Ooh, both of those would be good places for a tattoo!  Please post pics when you get it done, I'd like to see it!


----------



## LikeDiscoSuperfly (Oct 18, 2010)

yes, please post a picture! 
I would get it on my ankle =]


----------



## Perdue (Nov 3, 2010)

dont copy someones art or tattoo.. make it your own.. you could take that drawing to an artist and tell them certain stuff you want different, anything to make it better and ALL yours.. im really into tattoos and have many myself and i always try to push people away from getting something they've seen already done.. but all in all, it would be a nice tattoo and to each their own


----------



## demonicangel132007 (Nov 27, 2010)

kaythenewbie said:


> Steal my avatar. I wish I could say that I drew it, but I really just googled "betta fish art." It'd be a sweet tat though!

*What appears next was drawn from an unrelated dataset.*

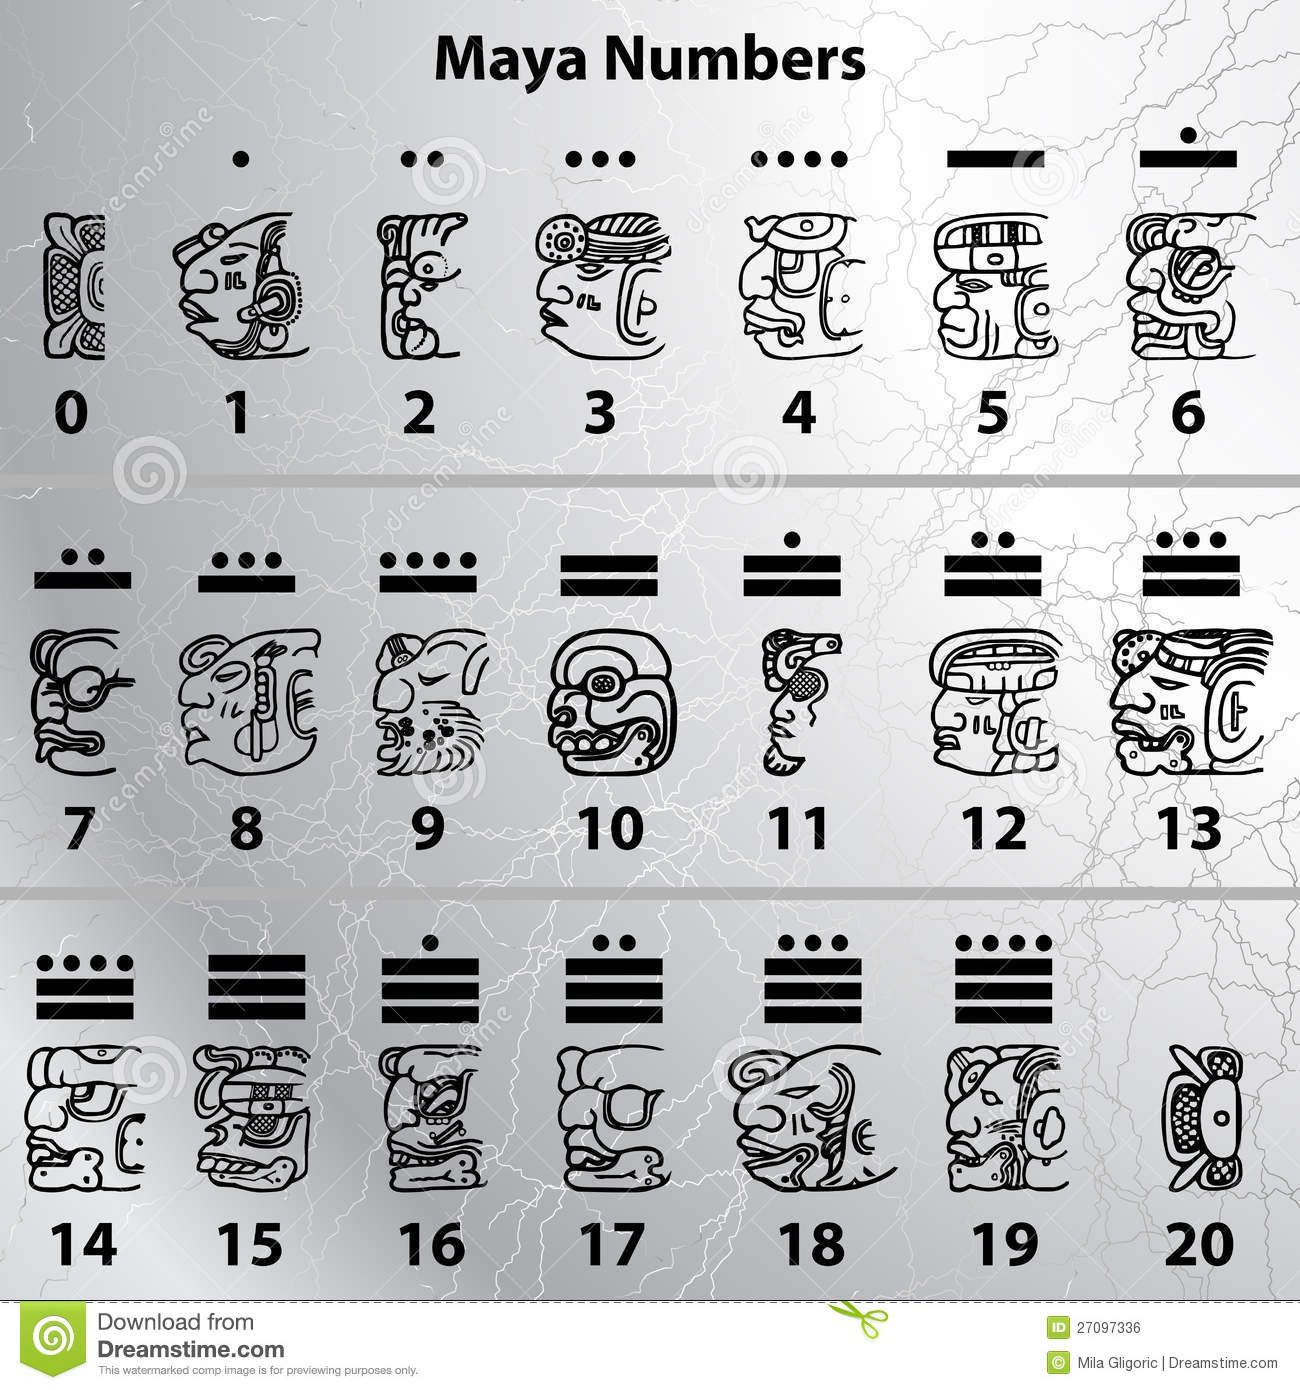 Mayan glyphs alphabet mayan alphabet maya numbers symbol history mayan glyphs alphabet mayan alphabet maya numbers symbol history biocorpaavc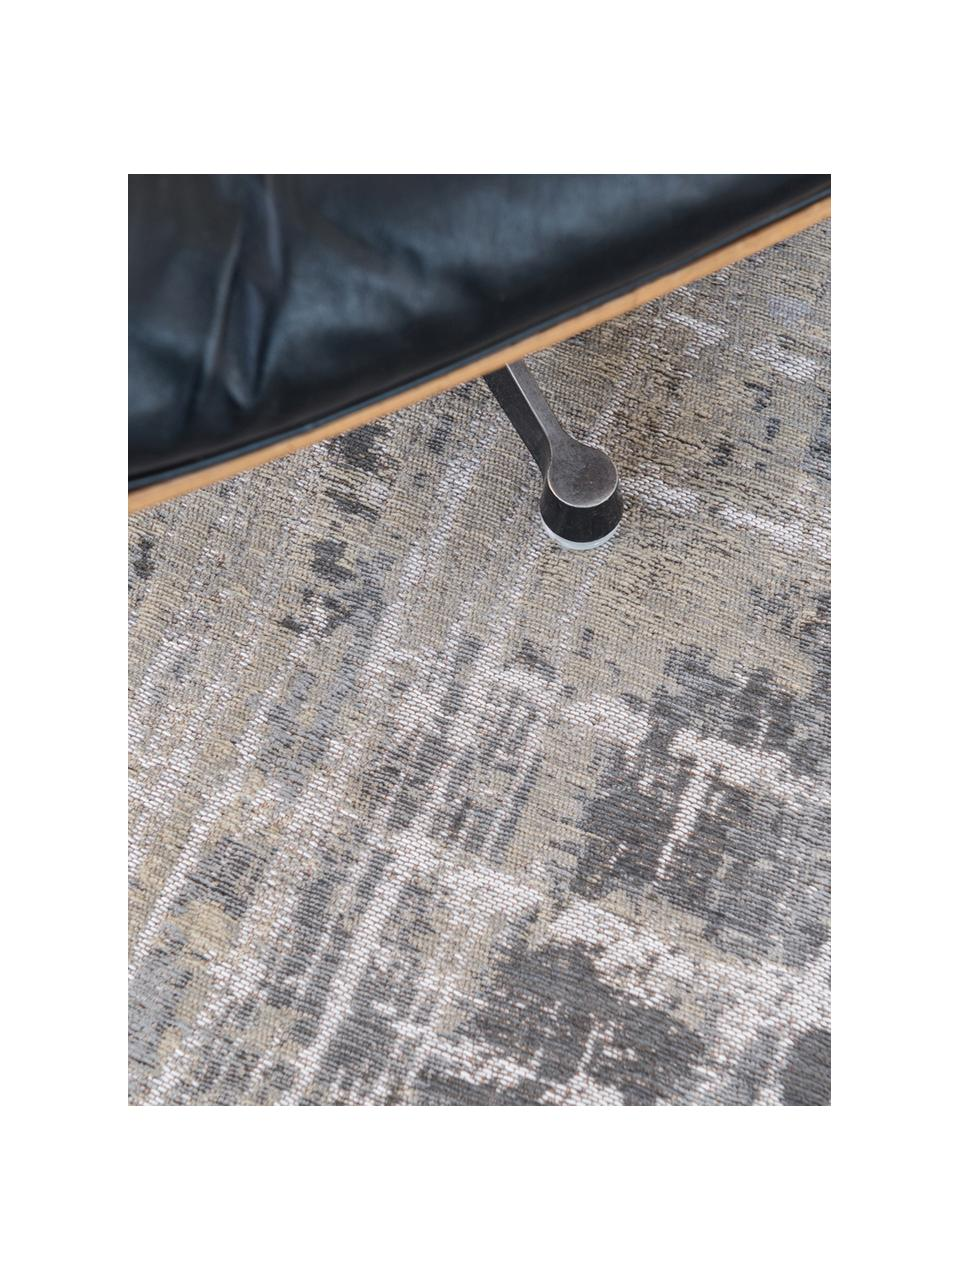 Tapis design vintage gris Streaks, Tonsgris

I follow that artist on deviantART. She does all kinds of commissioned tribal art tattoos. I saw it the other day when I was searching dA for some ideas that's how I recognized it.


----------



## kaythenewbie (Aug 23, 2010)

demonicangel132007 said:


> I follow that artist on deviantART. She does all kinds of commissioned tribal art tattoos. I saw it the other day when I was searching dA for some ideas that's how I recognized it.


What's her name? I'd like to see more of her art.


----------



## demonicangel132007 (Nov 27, 2010)

kaythenewbie said:


> What's her name? I'd like to see more of her art.


 *WildSpiritWolf, she's really good. Charges $80 for tribal tattoos like that one.
*


----------